─── Dataset section ───

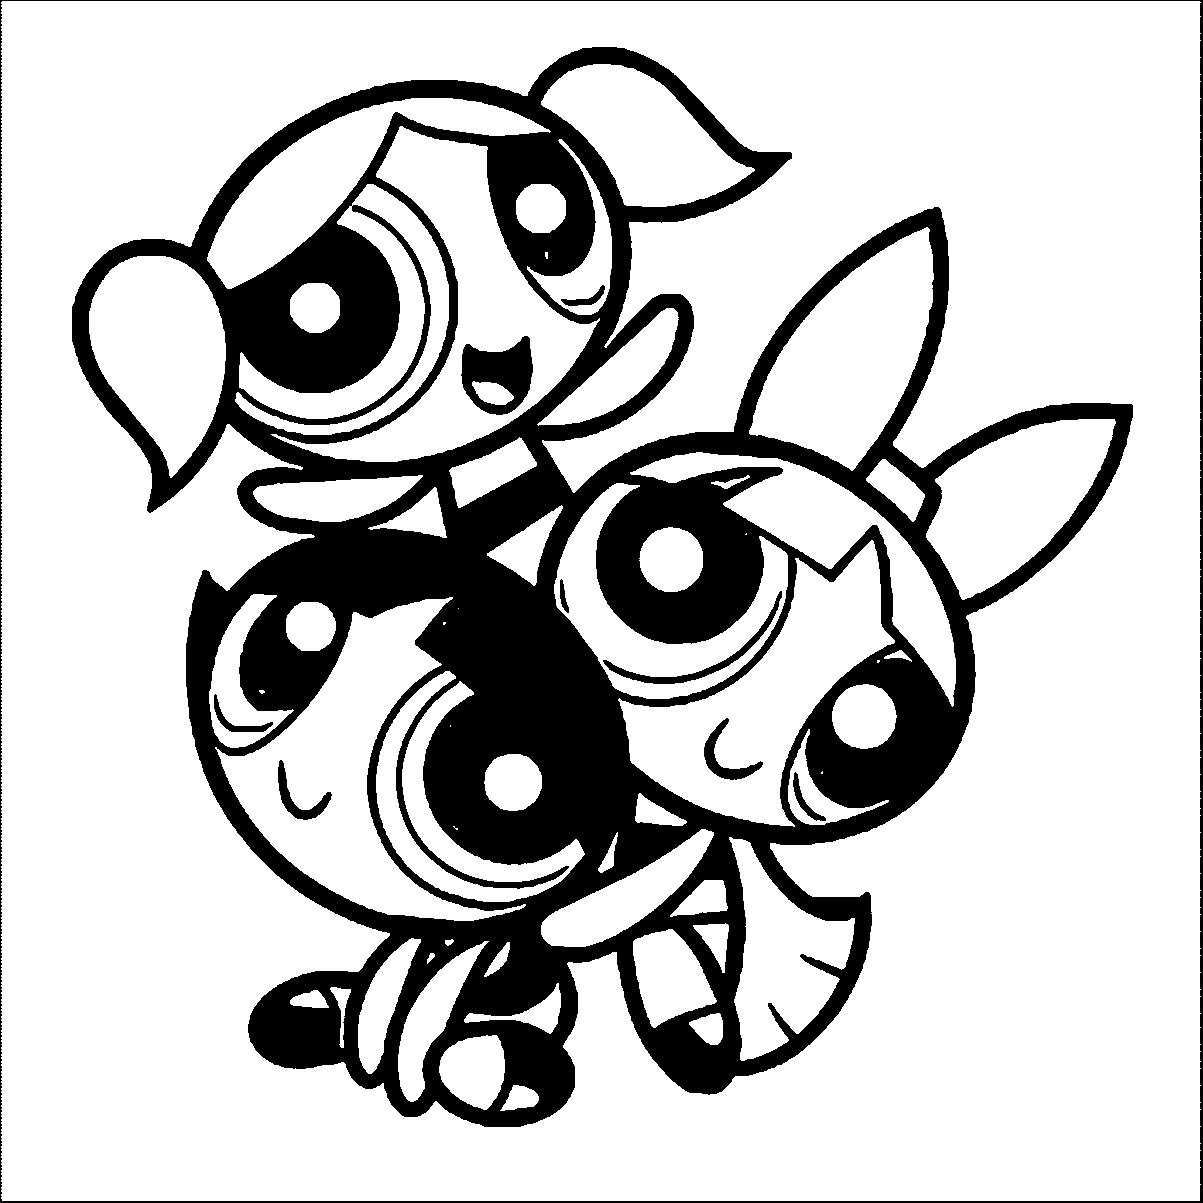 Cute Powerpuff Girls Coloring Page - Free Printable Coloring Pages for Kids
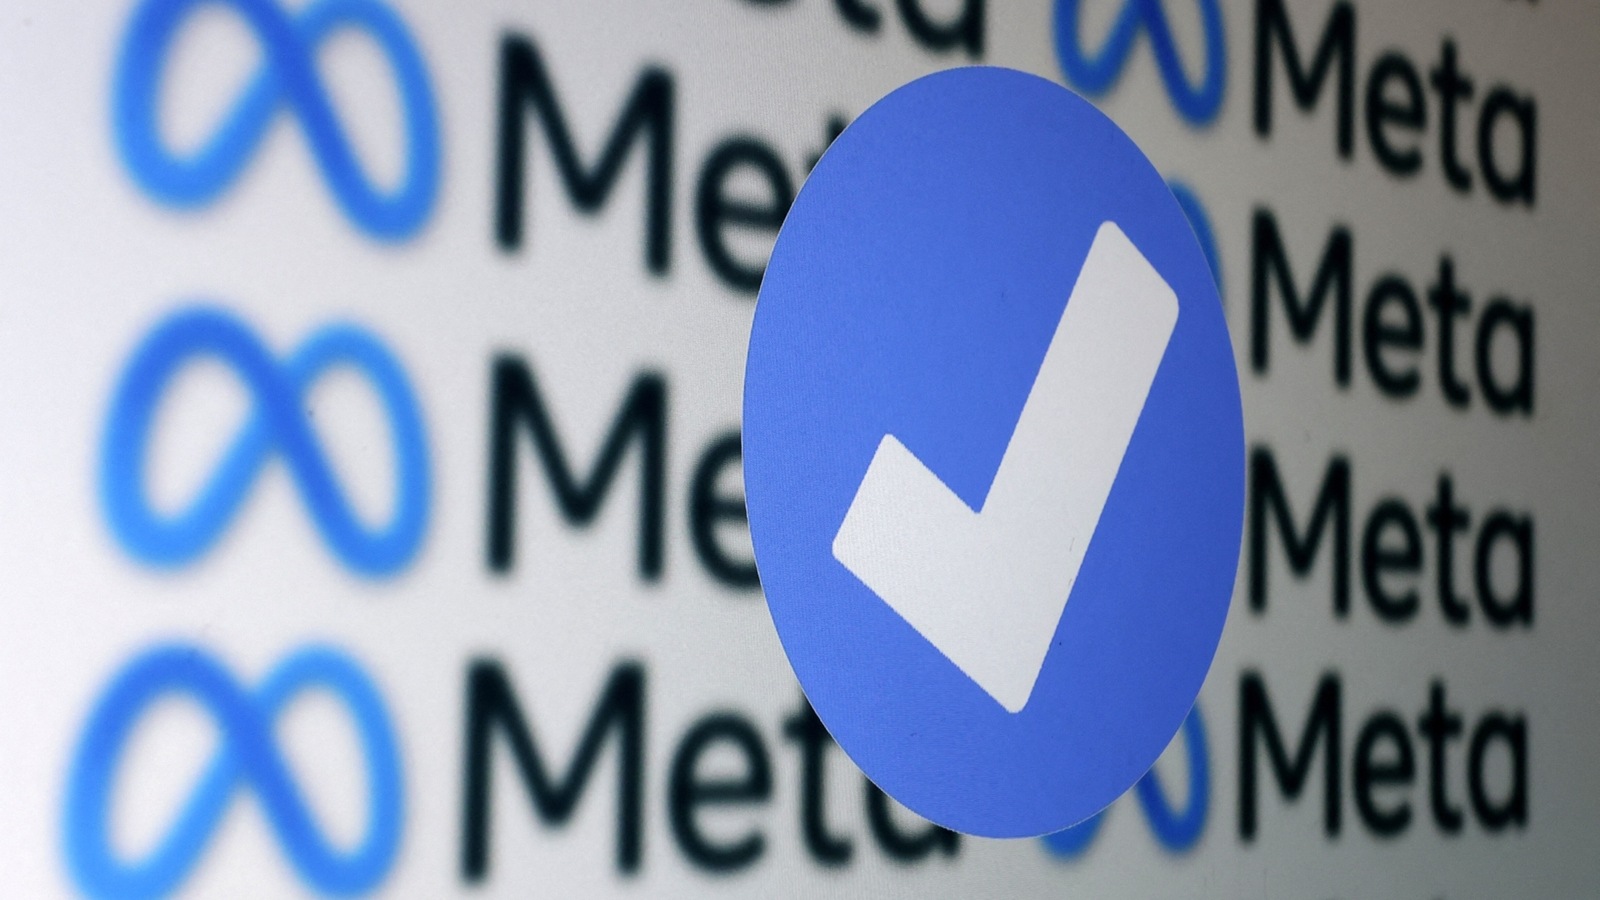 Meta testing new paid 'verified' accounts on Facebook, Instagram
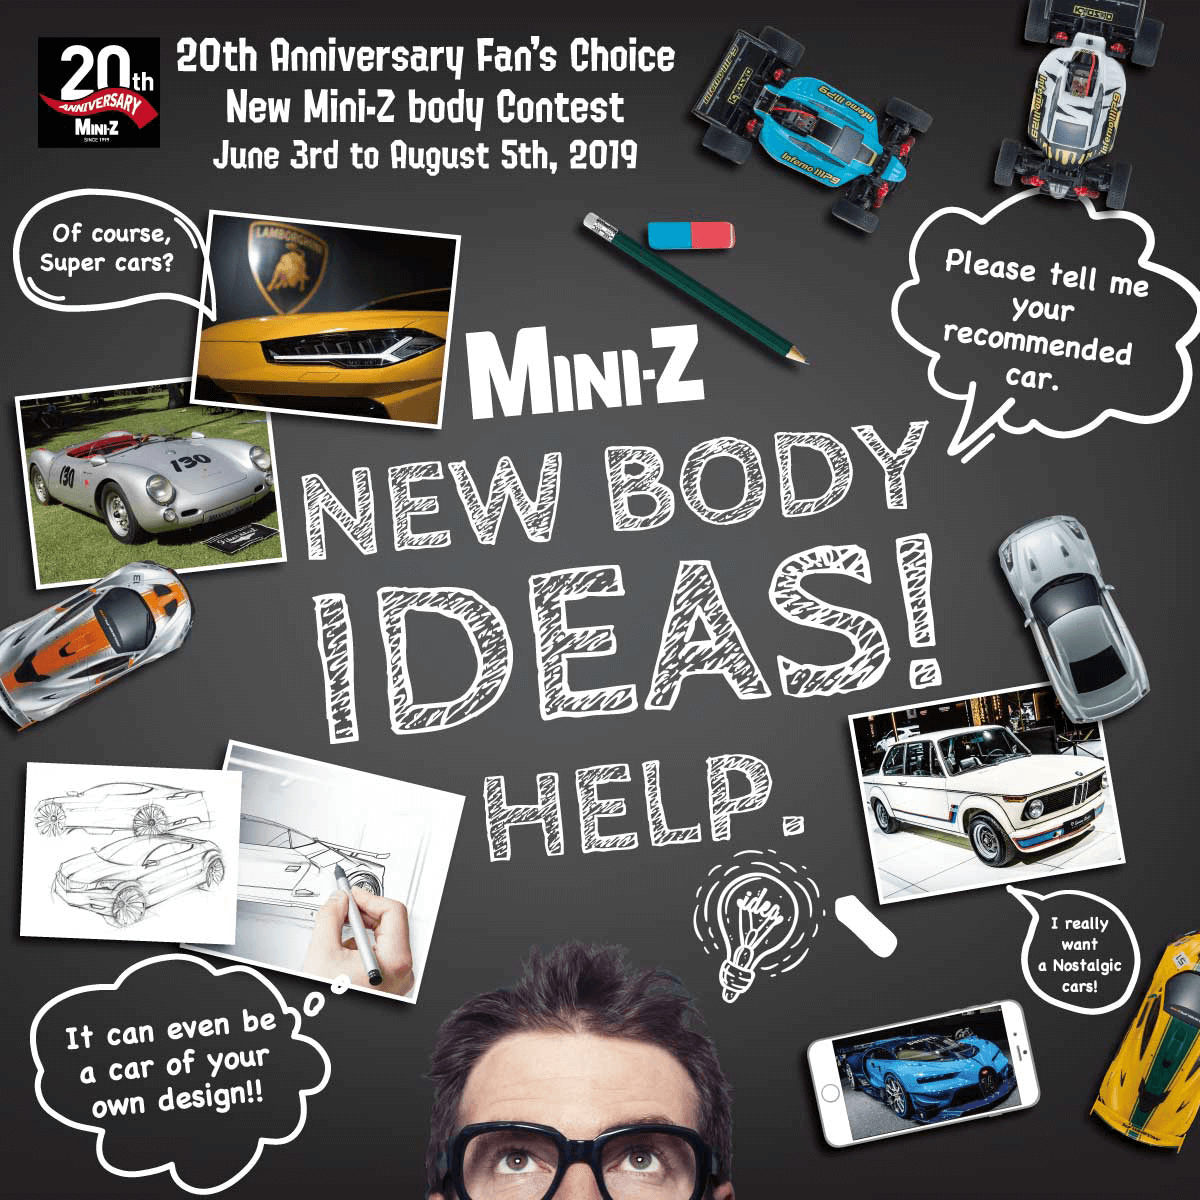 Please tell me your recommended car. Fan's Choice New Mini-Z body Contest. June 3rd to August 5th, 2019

───

■ Exercise
Give the listing above again in its entirety, exactly as written and free of images.

■ Exercise output
 Cute Powerpuff Girls Coloring Page - Free Printable Coloring Pages for Kids
 Meta testing new paid 'verified' accounts on Facebook, Instagram
 Please tell me your recommended car. Fan's Choice New Mini-Z body Contest. June 3rd to August 5th, 2019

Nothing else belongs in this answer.